__EXERCISE MATERIAL__.

========================================================================

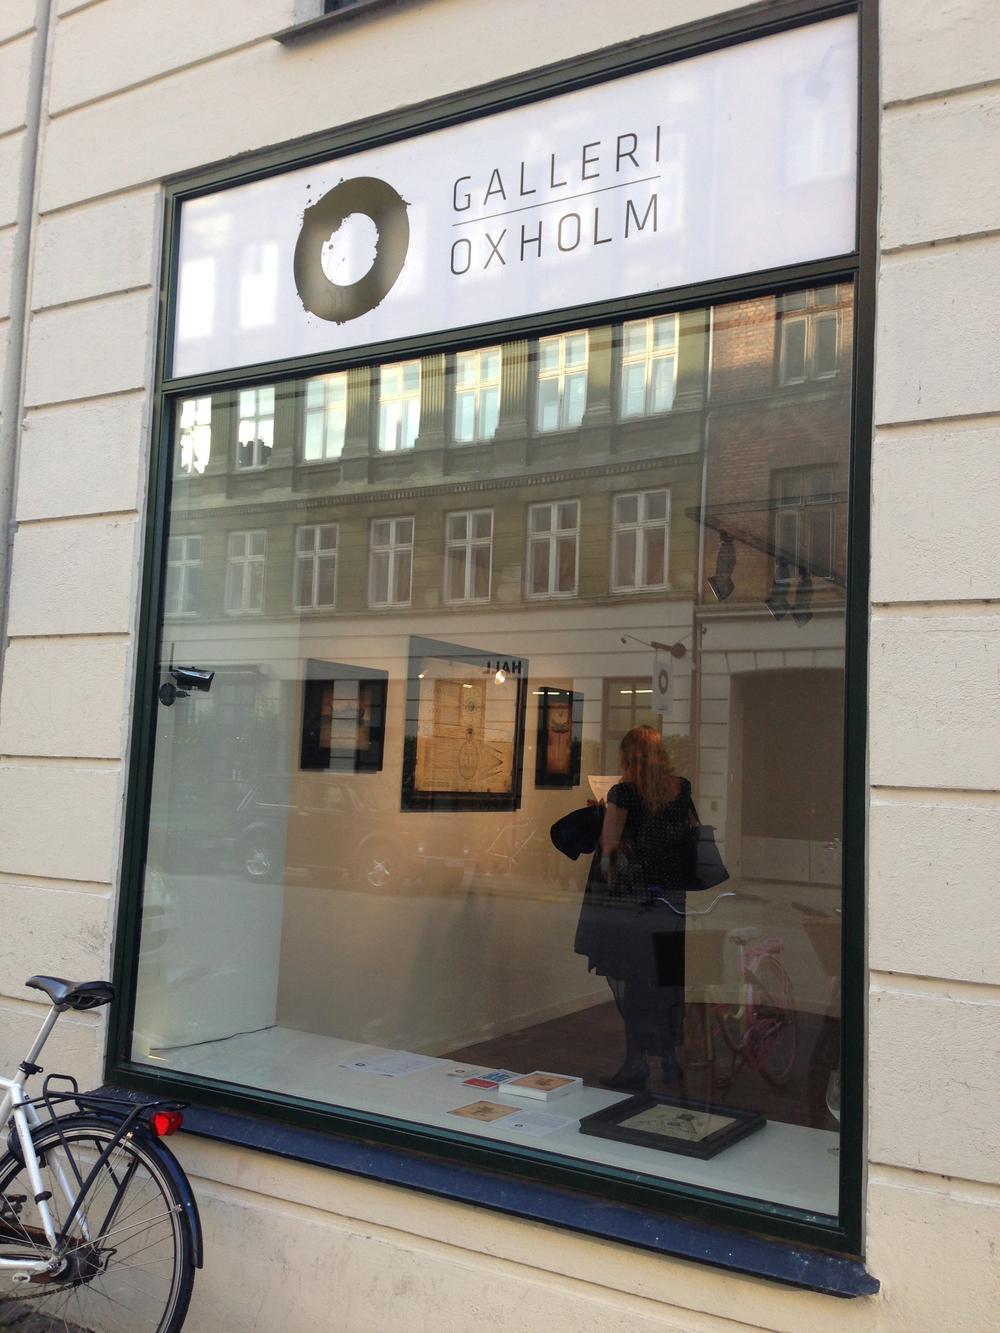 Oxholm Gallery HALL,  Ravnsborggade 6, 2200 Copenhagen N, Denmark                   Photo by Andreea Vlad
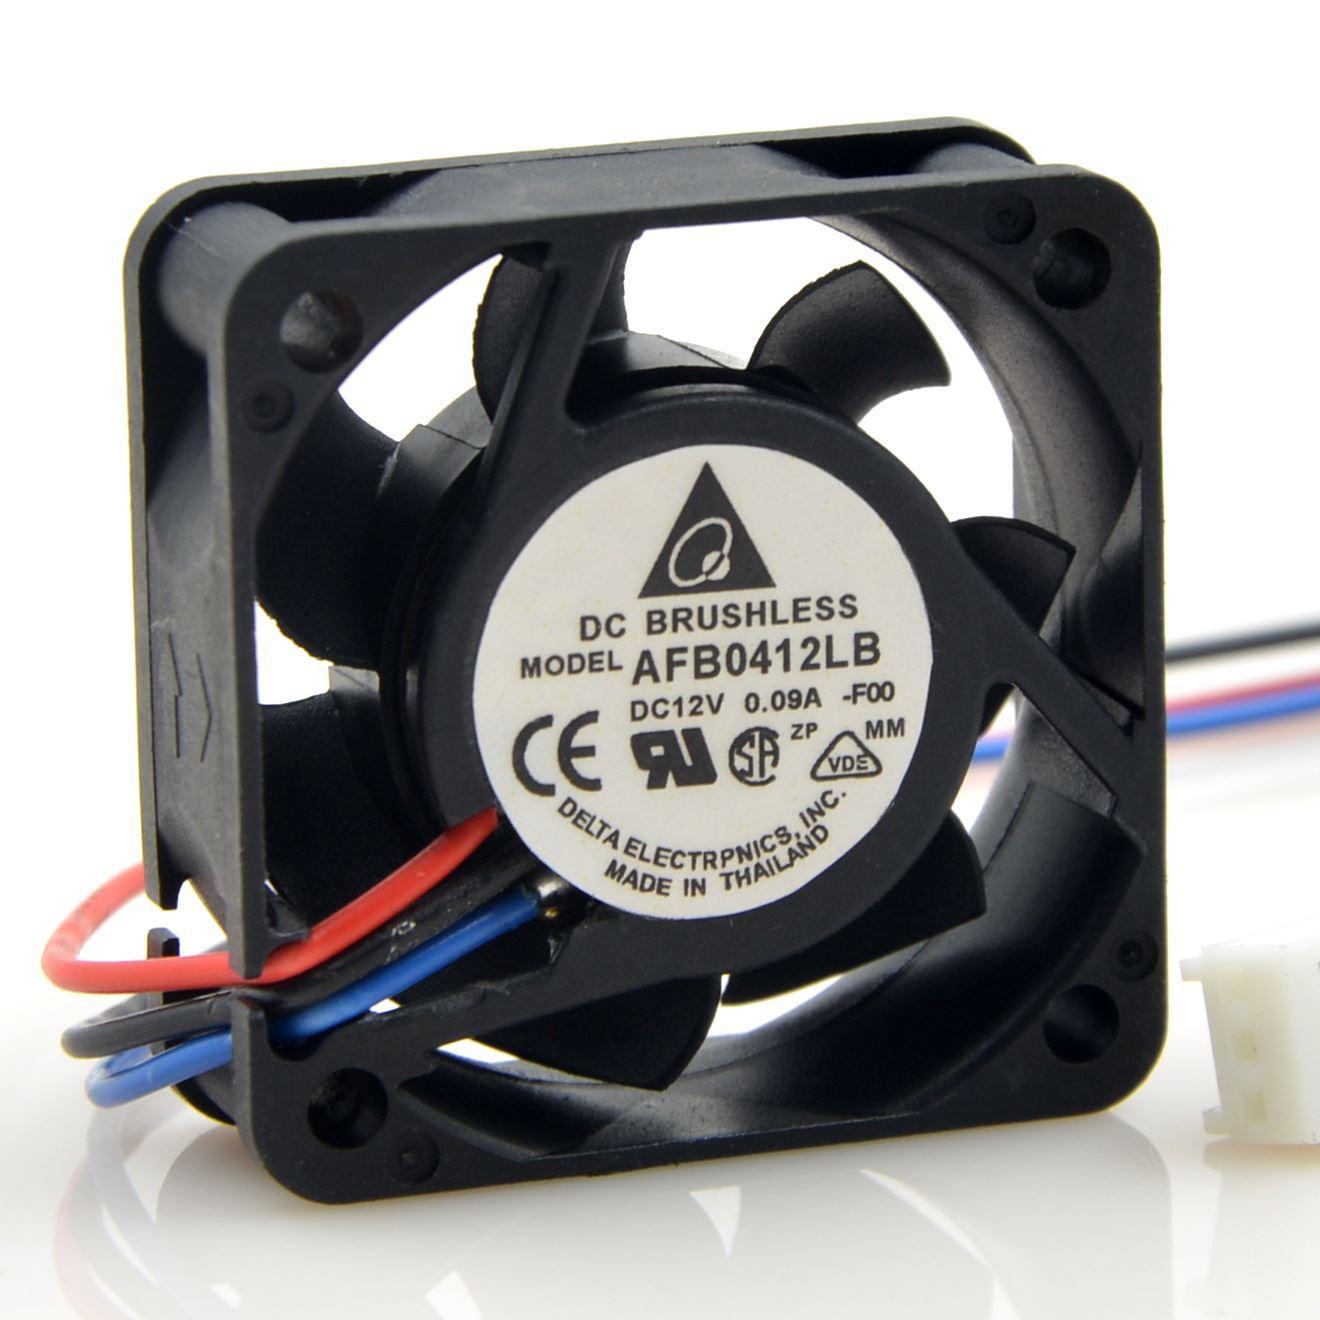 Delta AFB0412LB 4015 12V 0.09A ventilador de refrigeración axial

========================================================================

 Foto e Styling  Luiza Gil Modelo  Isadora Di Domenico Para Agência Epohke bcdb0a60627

========================================================================

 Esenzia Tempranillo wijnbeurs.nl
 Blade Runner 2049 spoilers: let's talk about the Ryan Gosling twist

========================================================================

__WHAT IS NEEDED__. Only the lines of the listing above from the one with "by Andreea Vlad" through the one with "Delta AFB0412LB 4015" should be output, exactly, with both ends kept and pictures left out.

__OUTPUT OF THE TASK__.
 Oxholm Gallery HALL,  Ravnsborggade 6, 2200 Copenhagen N, Denmark                   Photo by Andreea Vlad
 Delta AFB0412LB 4015 12V 0.09A ventilador de refrigeración axial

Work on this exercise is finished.